And everyone agrees that lives need saving. In Colorado, opioid deaths rose by 59% from 2019 to 2020 and then another 27% from 2020 to 2021, a year in which there were 1,881 drug overdoses in the state. The huge increase in fatalities is mostly due to dealers mixing fentanyl — a synthetic drug that is 50 to 100 times more potent than heroin — with another opioid.

The concept — bring your drugs here, and we’ll help if you need it — doesn’t fit into the mostly discredited just-say-no philosophy, which, of course, never worked.

And it seems like a direct counterpoint to the war on drugs, which has been ongoing for approximately forever with little success. But the lack of success hasn’t stopped calls for not just a figurative war, but a literal one.

As you may have heard, many Republicans, including presidential candidates and Ukraine war skeptics like Donald Trump and Ron DeSantis, are calling for military intervention into Mexico. They would use American might to take on the cartels, with or without approval from the overmatched Mexican government.

That’s probably just so much campaign talk. But it’s getting attention because it’s hitting a nerve and because, well, it’s as much about the GOP obsession with immigration as it is about drugs.

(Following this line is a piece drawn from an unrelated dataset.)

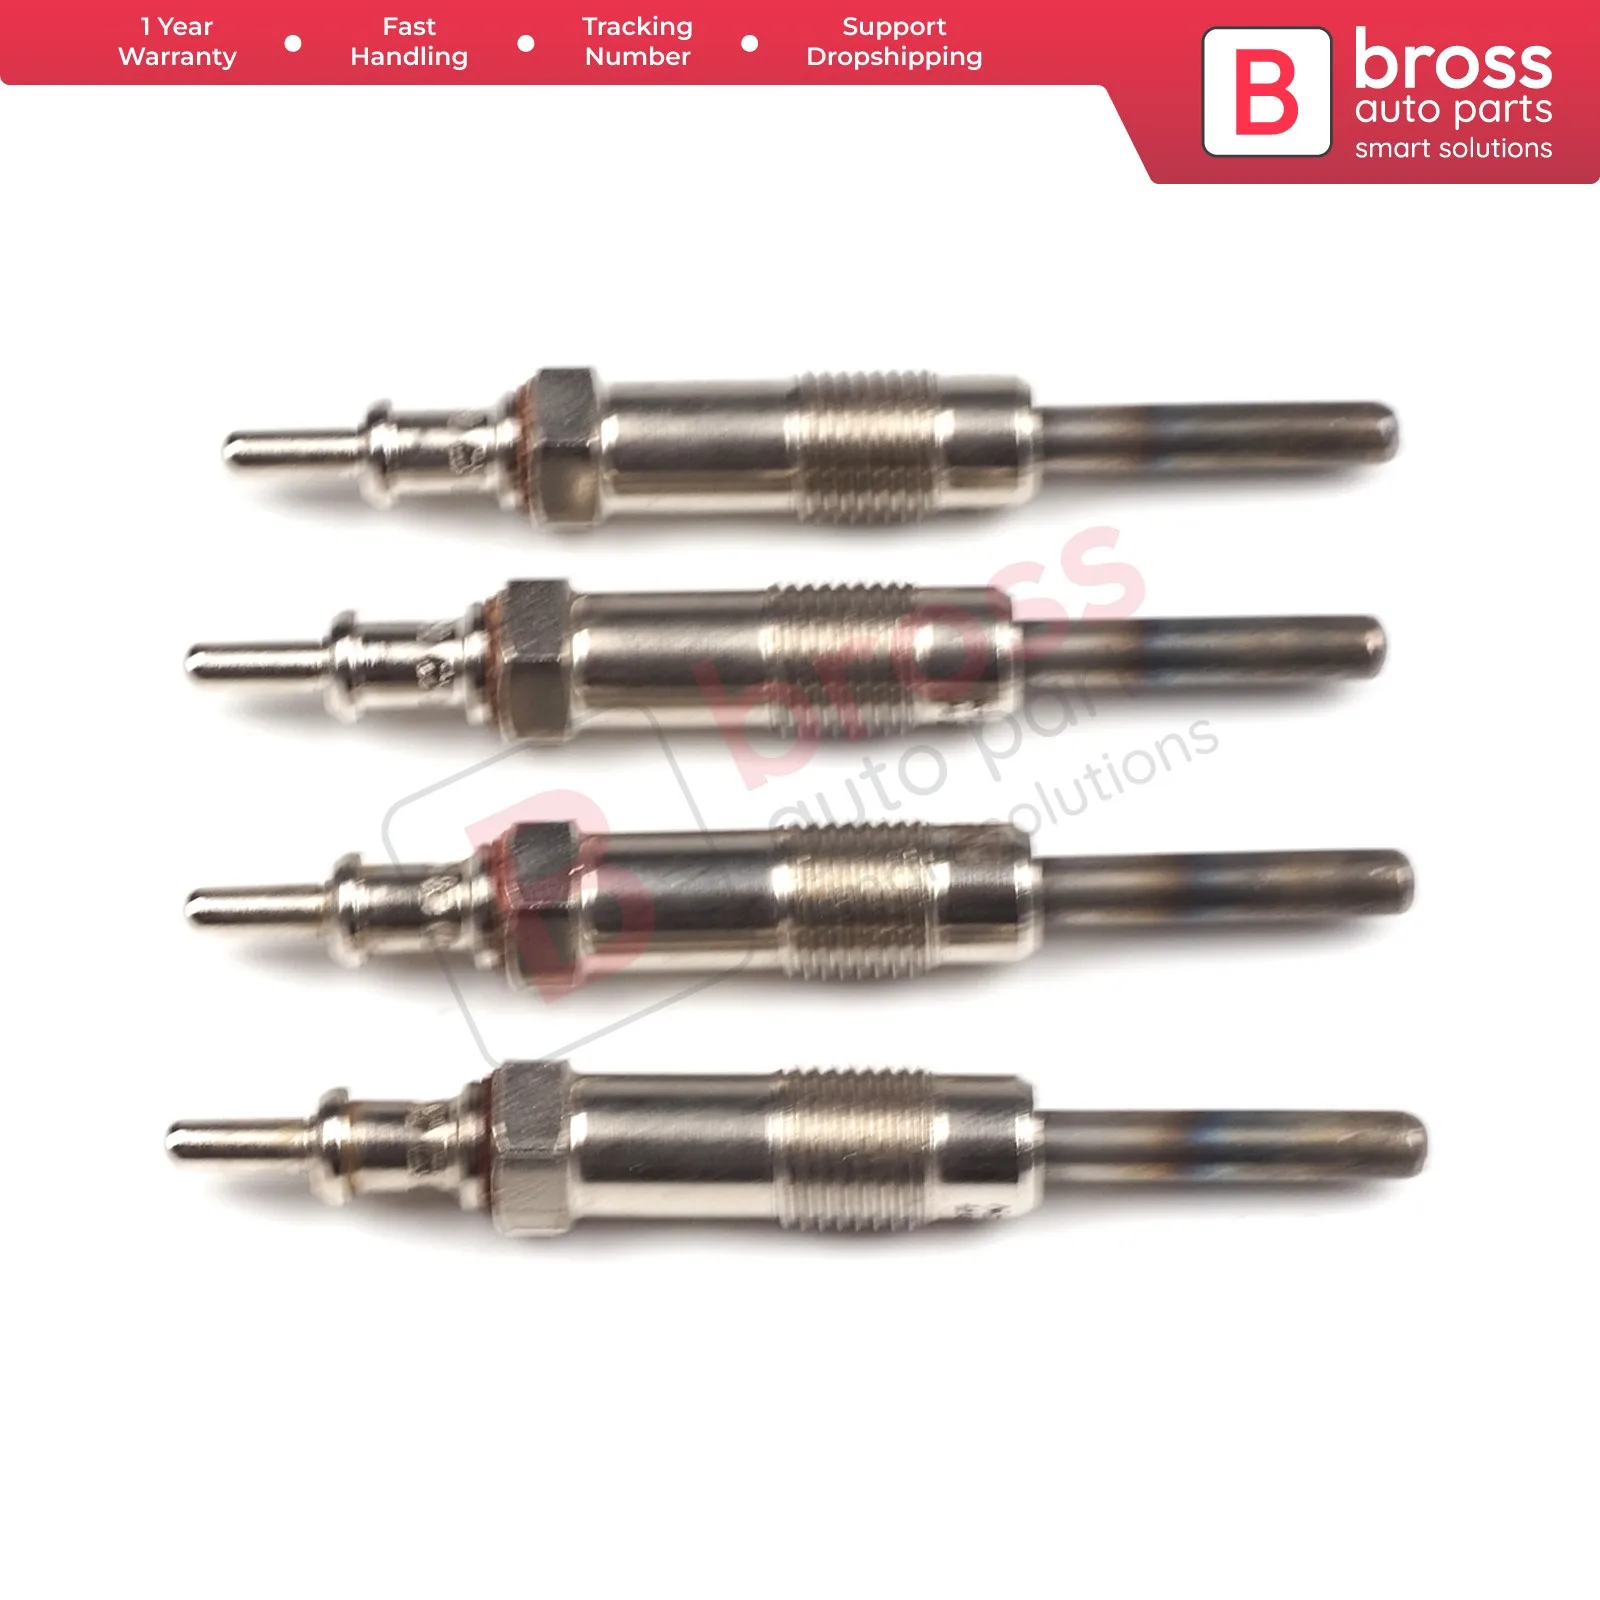 

Bross Auto Parts BGP27-1 4 Pcs Heater Glow Plugs GX86, 0011592601, GN961 for Mercedes Sprinter Vario 2.9 D Ship From Turkey

But also getting attention are the supervised injection sites that have opened in  New York City and the one set to open Friday in Providence, Rhode Island. But America’s few examples leave us years behind the rest of the world. The first such site was opened in Switzerland in 1986 during the AIDS crisis, and now there are hundreds across Europe. In Canada, there are 38 sites, with Vancouver, which has about 1,700 people using its site per month, the most prominent. According to Canadian authorities, they have treated 47,000 overdoses since 2017 — and without a single loss of life.

Not everyone trusts the statistics. Some have argued they contribute to more overdoses. The California legislature passed a bill to allow a few cities to begin safe injection-site programs, but Gov. Gavin Newsom vetoed it. He wasn’t the first California governor to do so. Jerry Brown vetoed a similar bill in 2018. Newsom, though, had hinted during his last campaign that he’d be interested in such a bill and says now he wants more clarity on the issue. But it may be fair to wonder whether Newsom’s veto had anything to do with his obvious presidential aspirations.

Meanwhile in Colorado, Jared Polis has made it pretty clear he does not support the idea, which, unless he changes his mind, would almost certainly doom any such bill becoming law. Of course, many people — myself included — expect Polis to run for president someday.

Still, state Rep. Elizabeth Epps and state Sen. Kevin Priola, both Democrats, will work to draft a new bill. They were both among the leading sponsors of last year’s bill.

When advocating for it last year, Priola made a pretty convincing case:  “It’s about saving lives. If people overdose, and there’s no one there to provide naloxone to save their life, they’ll never be able to go to rehab. They’ll never be able to kick the habit because they’re dead.”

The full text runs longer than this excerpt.